NEW YORK (Reuters) - Popular online social network MySpace said on Tuesday it has identified, removed and blocked “a few thousand” user profiles of convicted sex offenders, as part of a program to protect its young members from adult predators.
The action comes a day after eight U.S. attorneys general demanded that the News Corp.-owned company hand over offenders’ names and addresses, and delete their profiles from among MySpace’s 175 million user base.
“We’ve made it clear we have a zero tolerance policy against convicted sex offenders,” MySpace Chief Security Officer Hemanshu Nigam said in a phone interview on Tuesday. “We’ve said numerous times that the goal was to delete them.”
Nigam said he was puzzled over the law enforcement authorities’ actions on Monday, which he said would require MySpace to break the law.
“While numerous Attorneys General have asked us to turn the names of the sexual predators over to them, we are, unfortunately, prohibited by federal and state laws from doing so,” Nigam said in a statement.
The AGs’ demands preceded a hearing on Tuesday for the “Protect Children from Sexual Predators Act” in North Carolina, a bill backed by North Carolina Attorney General Roy Cooper that requires online services such as MySpace to check the ages of members. Cooper is one of the eight AGs pushing MySpace to disclose the information.
The company said it was prohibited by the Electronic Communications Privacy Act of 1986, which protects a user’s electronic communication against government surveillance without a court order.
MySpace has come under attack over the past year after some of its young members fell prey to adult predators posing as minors. The families of several teenage girls sexually assaulted by MySpace members sued the service in January for failing to safeguard its young members.
MySpace and background verification company Sentinel Tech Holdings Corp. said late last year they planned to develop the first U.S. national database of convicted sex offenders to make it easier to keep track of predators.

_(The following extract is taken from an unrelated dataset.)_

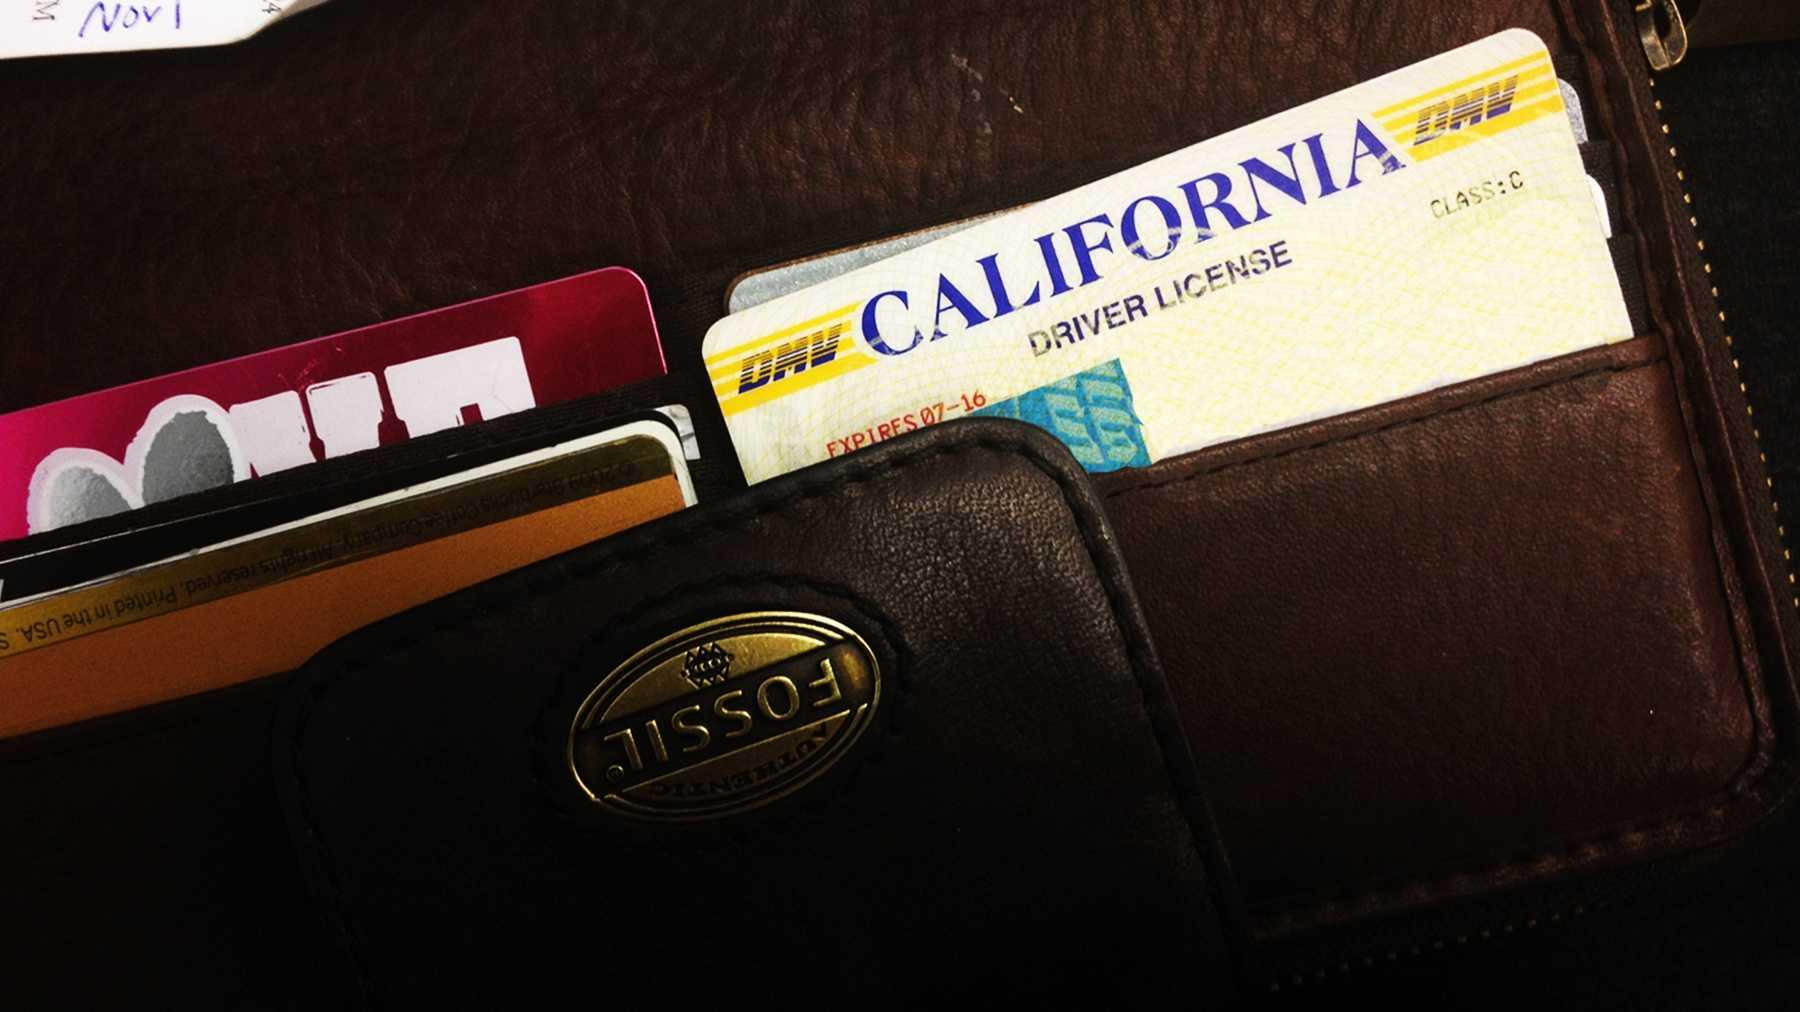 california drivers license.jpg

The company also vowed to give free access of the database to the National Center for Missing & Exploited Children, a group which helps law enforcement in their investigations.
Convicted sex offenders are required by law to register their contact information with local authorities. But the information is only available in regional databases and has never been available on a national scale.
There are about 600,000 registered convicted offenders in the U.S.
One part of the new technology was made available on May 2 to MySpace, which began cross referencing its user profiles against the new database, Nigam said.
The profiles of suspected offenders were then manually checked by a MySpace staff member before users were removed and blocked from the service, Nigam said.
U.S. lawmakers in January proposed requiring sex offenders to register valid e-mail and instant messaging addresses with law enforcement authorities to better protect kids using sites like MySpace.
“We are doing everything short of breaking the law to ensure that the information about these predators gets to the proper authorities,” Nigam said. “MySpace stresses that it does want to work with the Attorneys General to find a way to make sure the information gets into the right hands.”
Nigam said the company is still working on a more efficient system to provide updates of information on offenders deleted from the site to the missing kids group.